Nanny statists are, apparently, equal opportunity hacks. Activists on the left and their legislative team players are not only going after the bottled water “sin industry.” They are also increasing the pressure for regulations on other beverages, seeking to slap a federal 3 cent tax on beverages containing sugar. Where will it end?

Look at this debate between Jeff Stier of the American Council on Science and Health and Michael Wolff of Vanity Fair. Wolff basically calls any American who is over-weight a needless drain on America’s health care system. Should they be punished with a nanny state tax?  He says: “Why not?”

Why not? Because, as Stier points out,  we live in a free society in which individuals should be responsible for themselves. And who seriously believes that 3 cents is going to matter a hill of beans? However, it will aggregate into a good chunk of change to enrich government bureaucrats who will probably do lots more stupid and possibly evil things.

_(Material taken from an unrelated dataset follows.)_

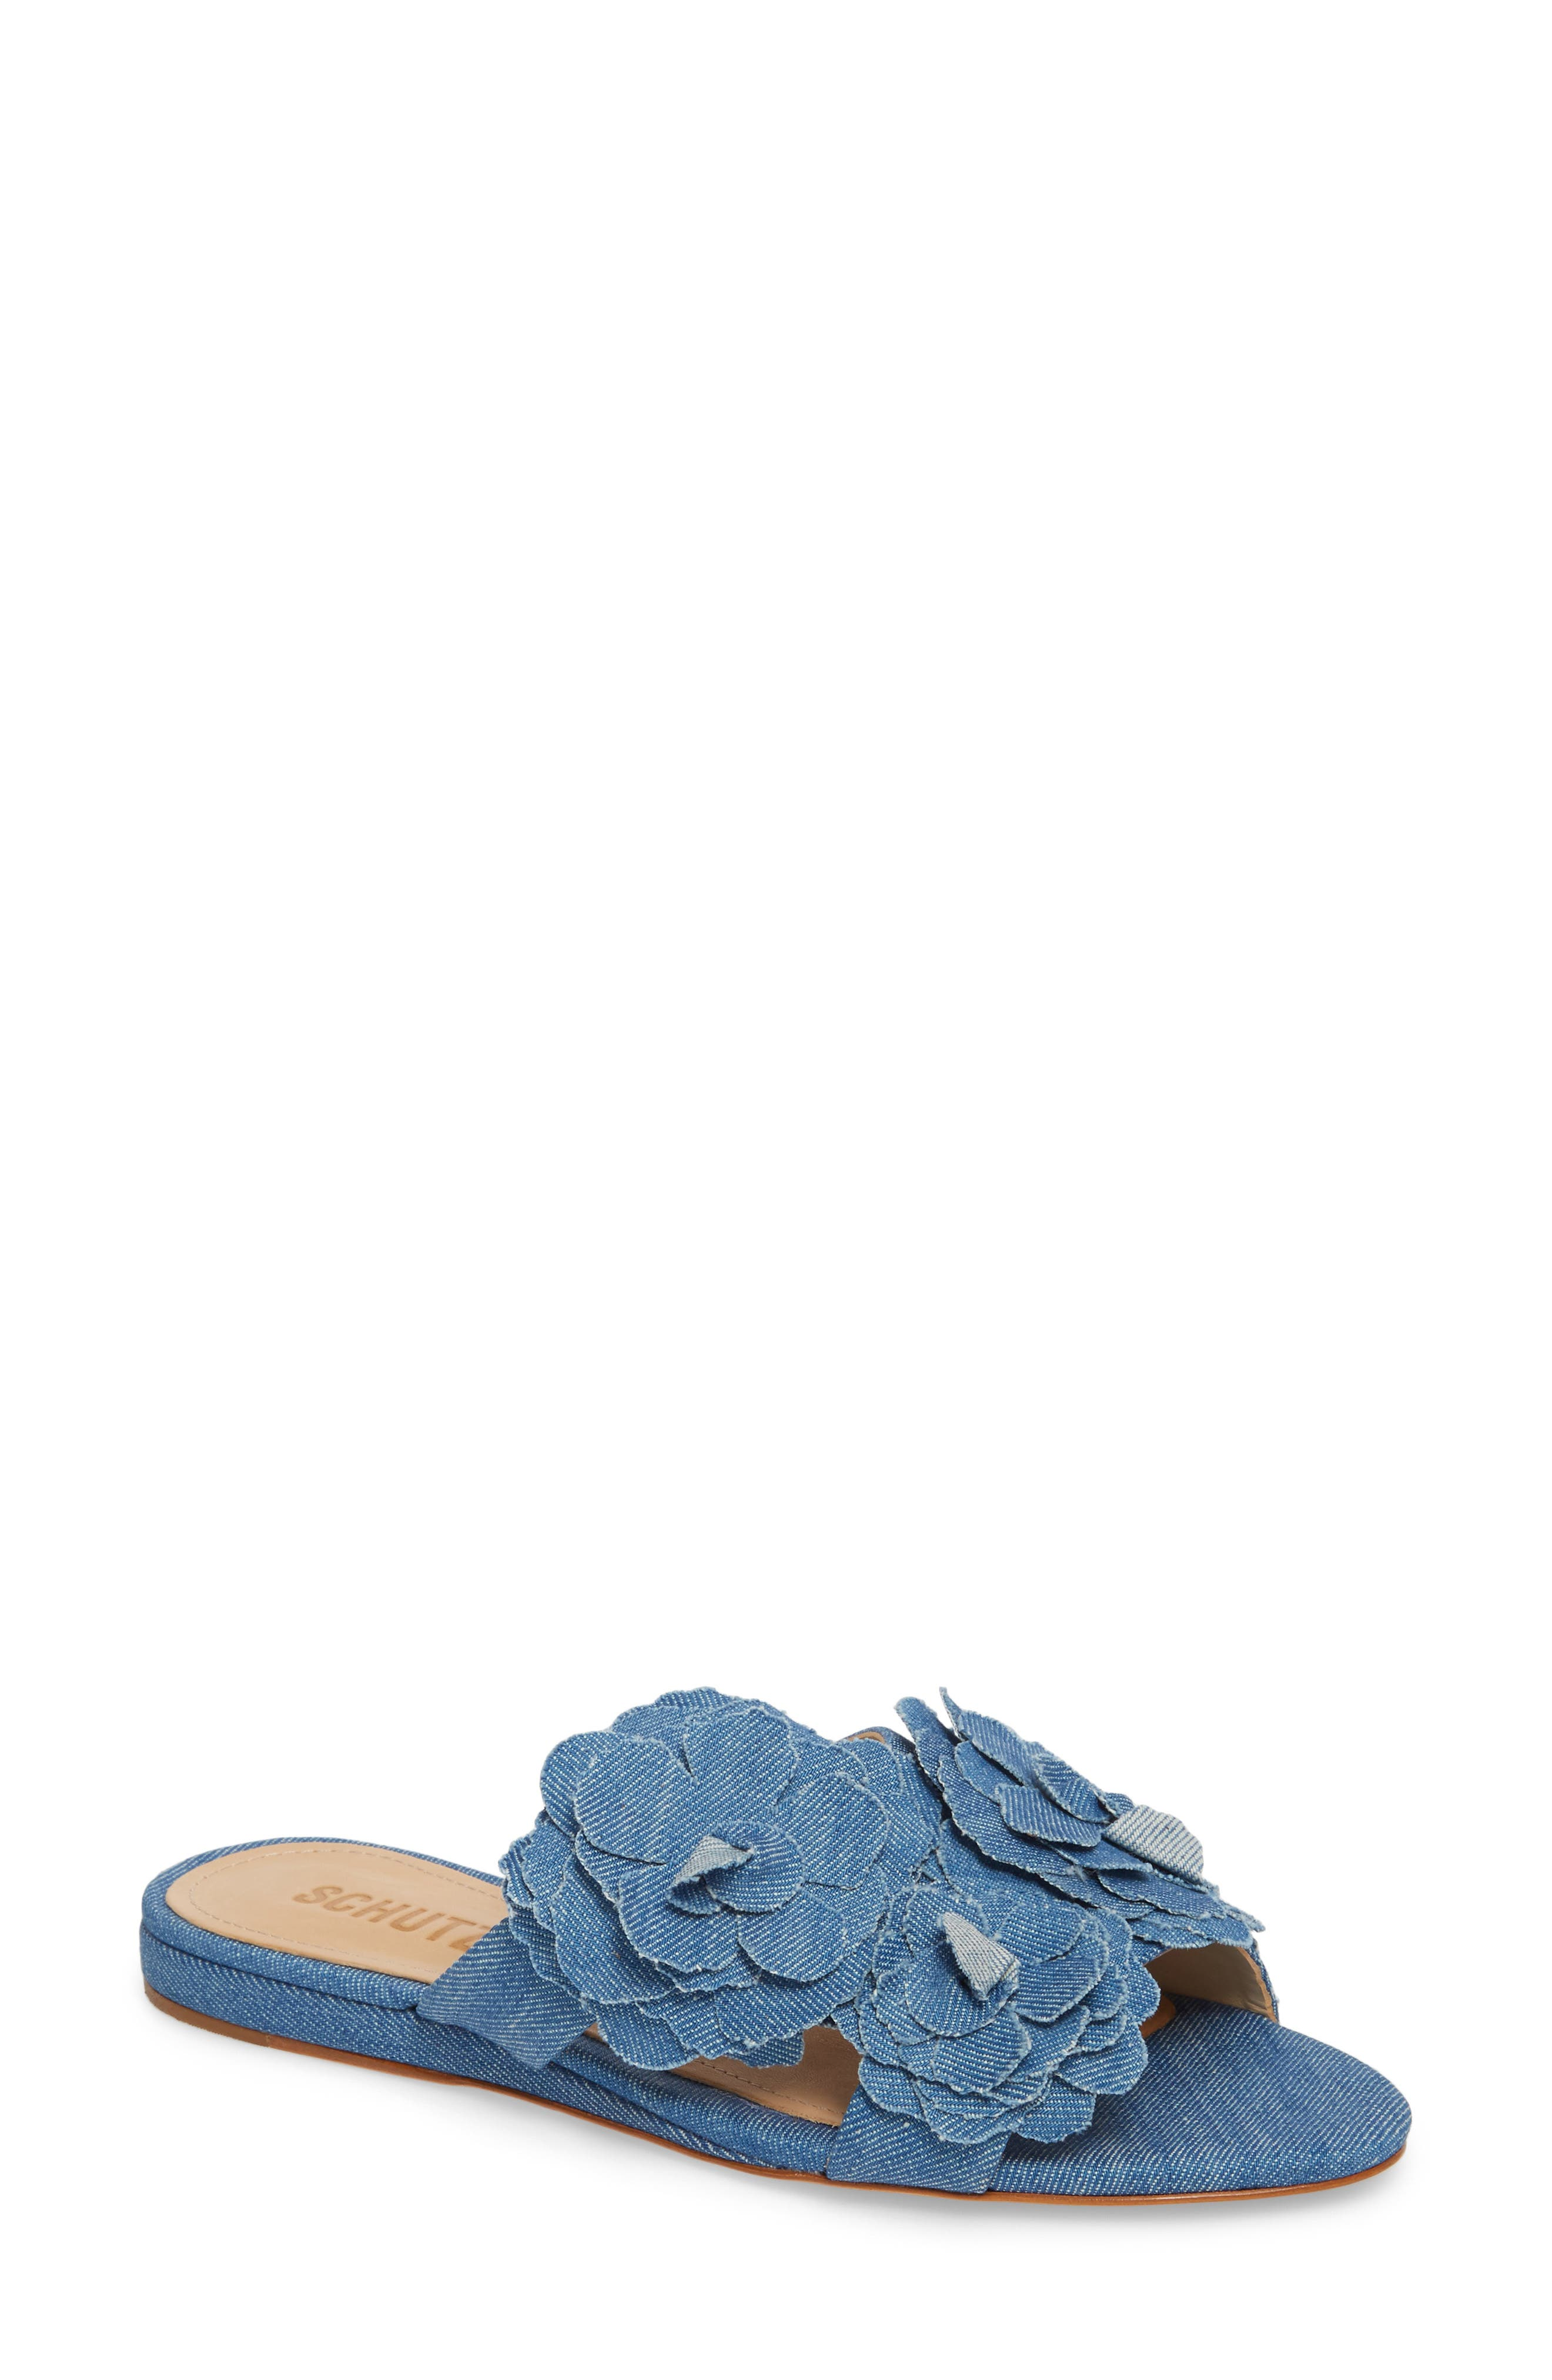 Ilaria Flower Sandal,                         Main,                         color, LIGHT BLUE

Let’s face it. This money won’t fix our health care system which suffers from excessive government regulations and runaway entitlement programs. They will probably use it for more misguided programs.

Before Stier was cut off by the rude talking heads he was up against, he pointed out better solutions for Americans suffering with some excess on their waistlines, one of which included allowing technologies to develop that will help reduce caloric intake. Ironically, nanny statists have fought and undermined these solutions.

For example, for decades they condemned the sugar substitute saccharin by saying it was a carcinogen based on questionable science. After scaring people away from this calorie saver for decades, the U.S. Centers for Disease Control and Prevention finally announced that all the “science” previously touted was wrong. Saccharin isn’t a carcinogen after all.

Moreover, nanny statists with the ironic name Center for Science in the Public Interest (CSPI) fought the release of olestra, a fat substitute that allows people to enjoy a few extra chips without all that many extra calories. A side effect for a small segment of people might be gastrointestinal distress, such as soft stools. But the product would not have this impact on everyone. Ironically, as the American Council on Science and Health notes in one publication, various studies showed that these effects were no higher (about 2.5 percent of consumers in test groups) than they were for chips made with regular oils. Nonetheless, CSPI undermined the marketing of this product and was able to win regulations that limit its use. It is only used for snack foods, but if the Food and Drug Administration allowed it, olestra could be used in a wide-range of valuable applications. Unfortunately, nanny statists would rather find an excuse to tax us.